> EXERCISE
Retype word for word the stretch of entries below from the line that has "Vanessa Baroni Beads" through the line that has "1963 Corvette C2 Grand Sport, one of five", and omit the pictures.

> RECORDS
|---|

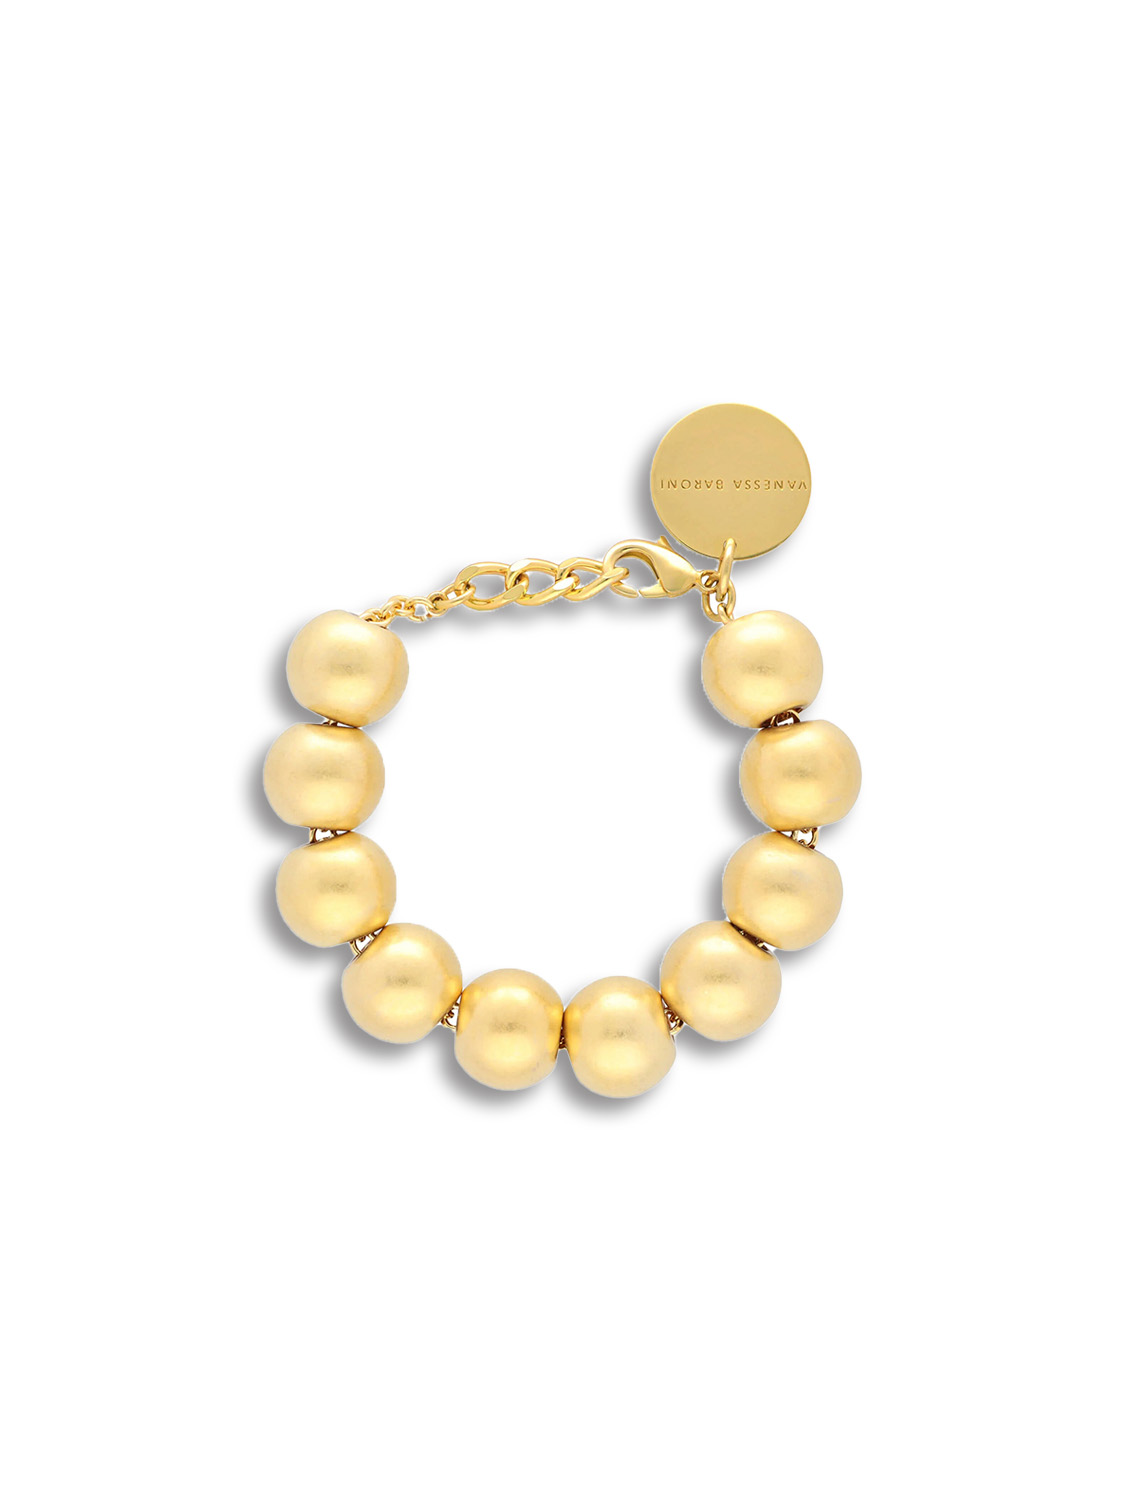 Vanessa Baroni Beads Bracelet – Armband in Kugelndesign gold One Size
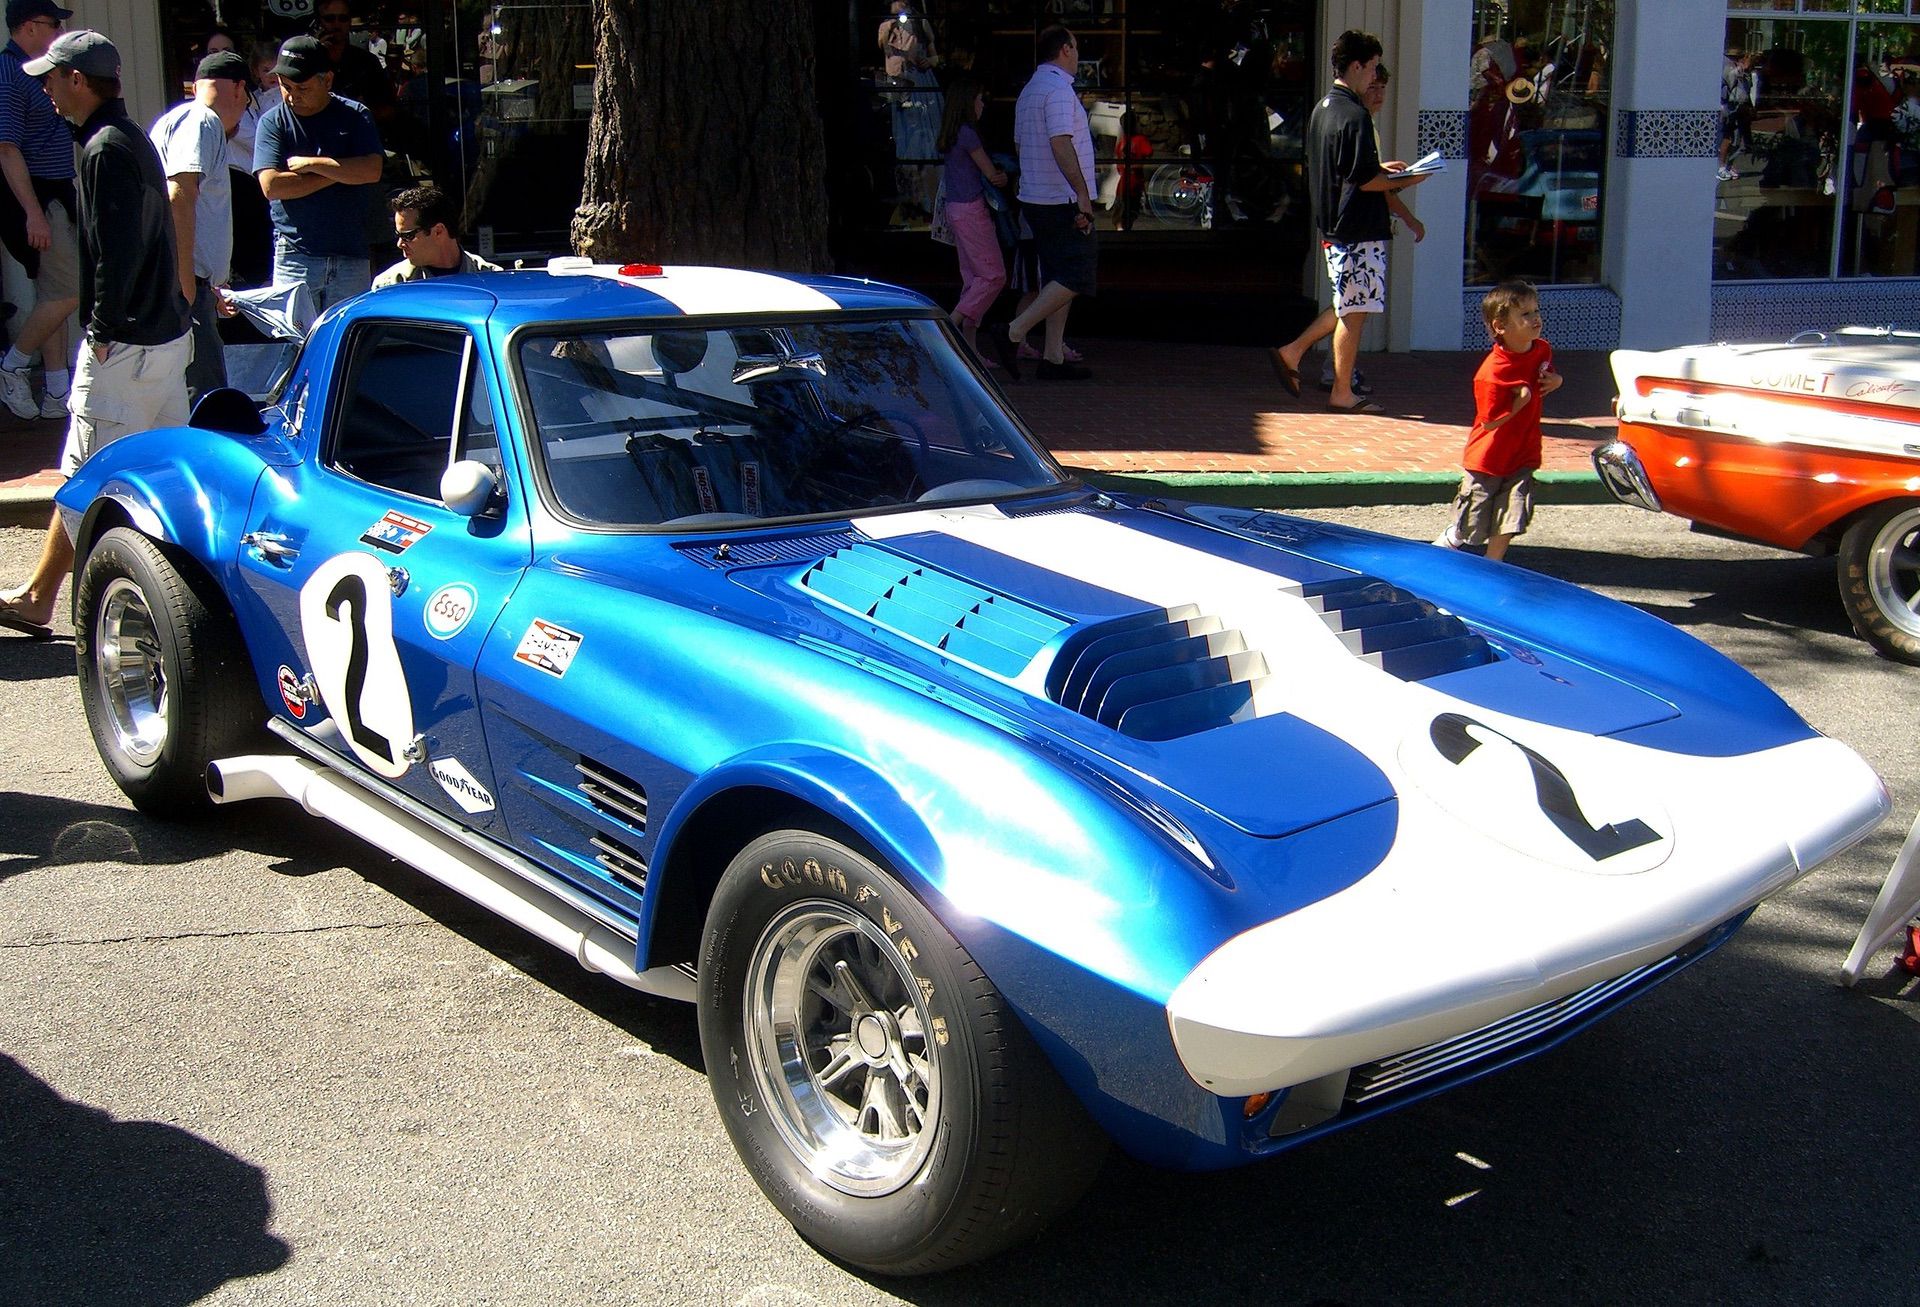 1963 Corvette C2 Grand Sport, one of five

|---|

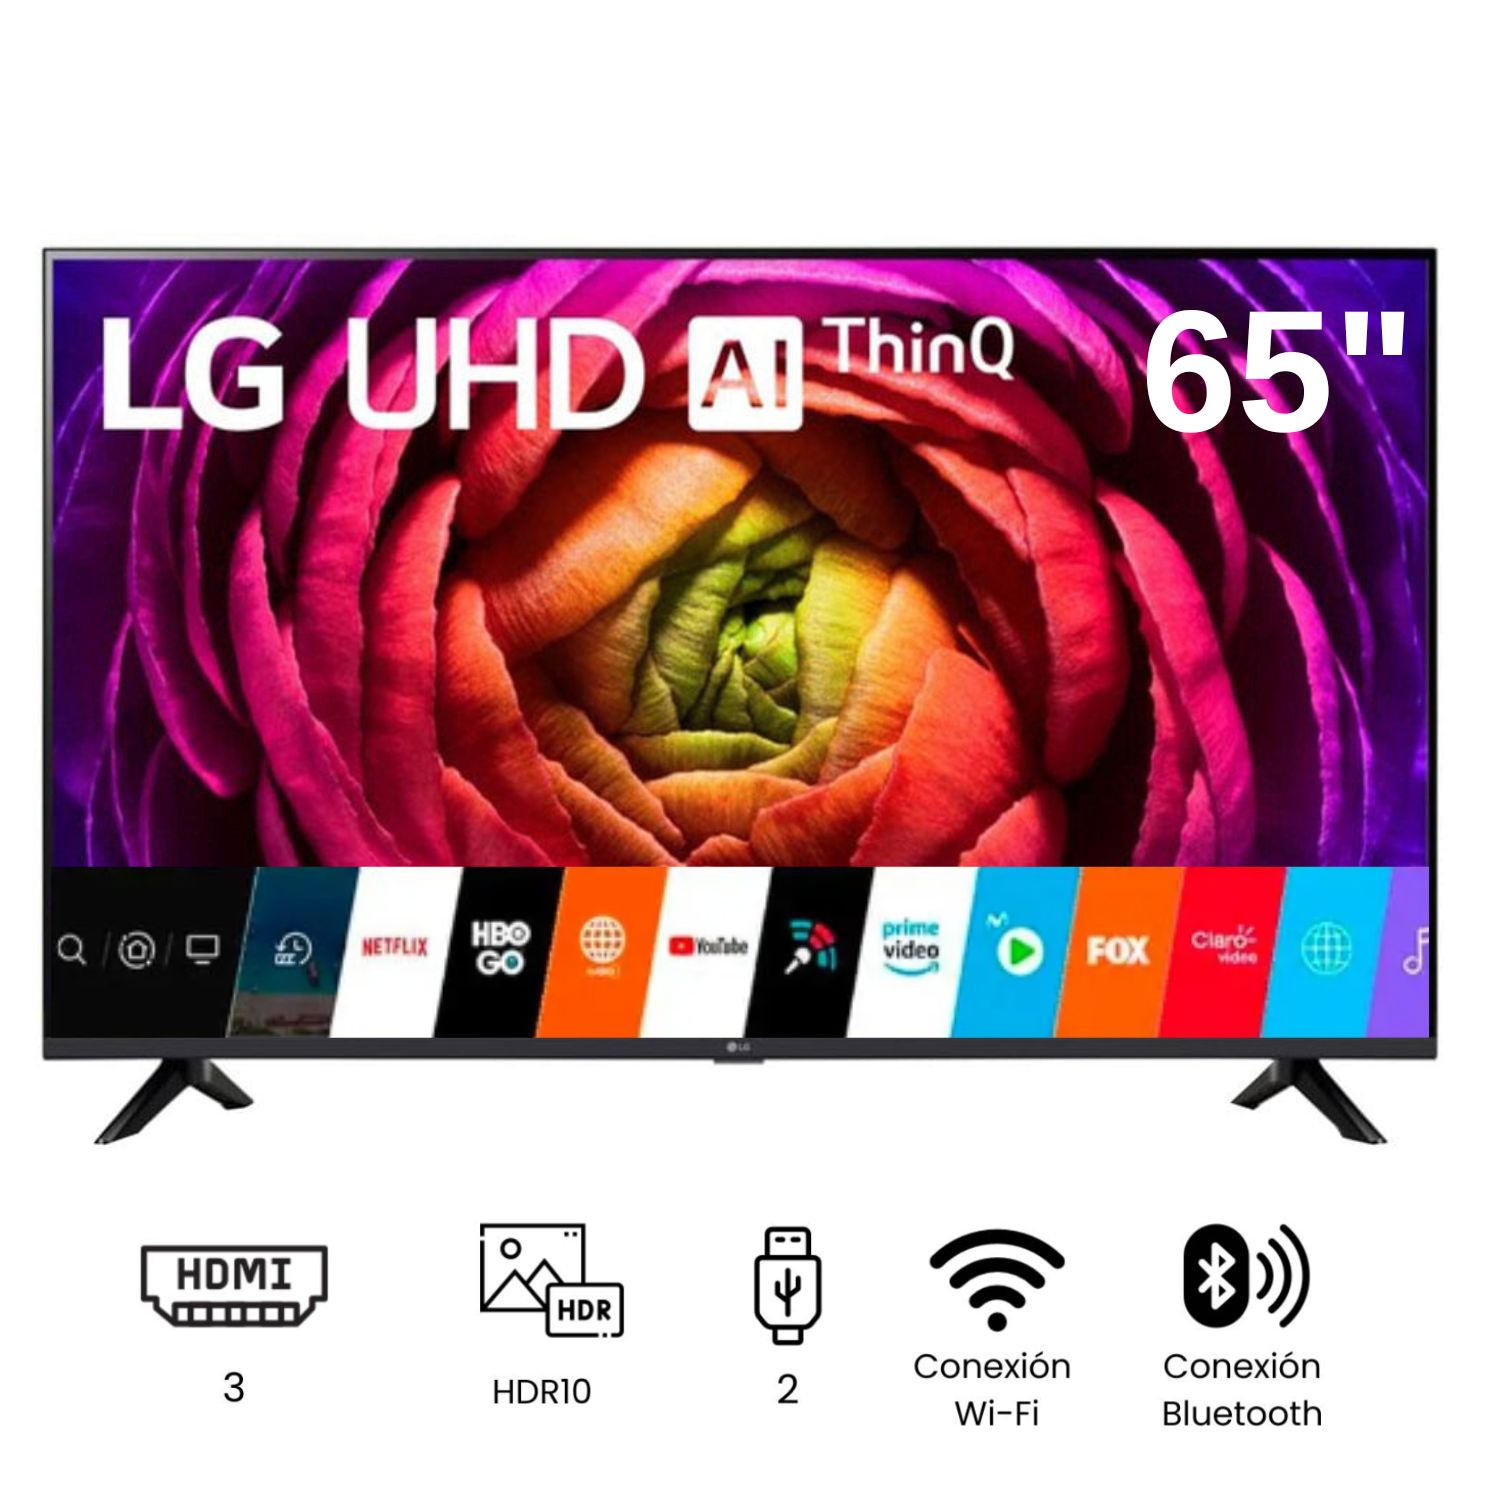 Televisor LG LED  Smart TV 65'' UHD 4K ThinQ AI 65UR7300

|---|

> ANSWER TO THE PROBLEM
 Vanessa Baroni Beads Bracelet – Armband in Kugelndesign gold One Size
 1963 Corvette C2 Grand Sport, one of five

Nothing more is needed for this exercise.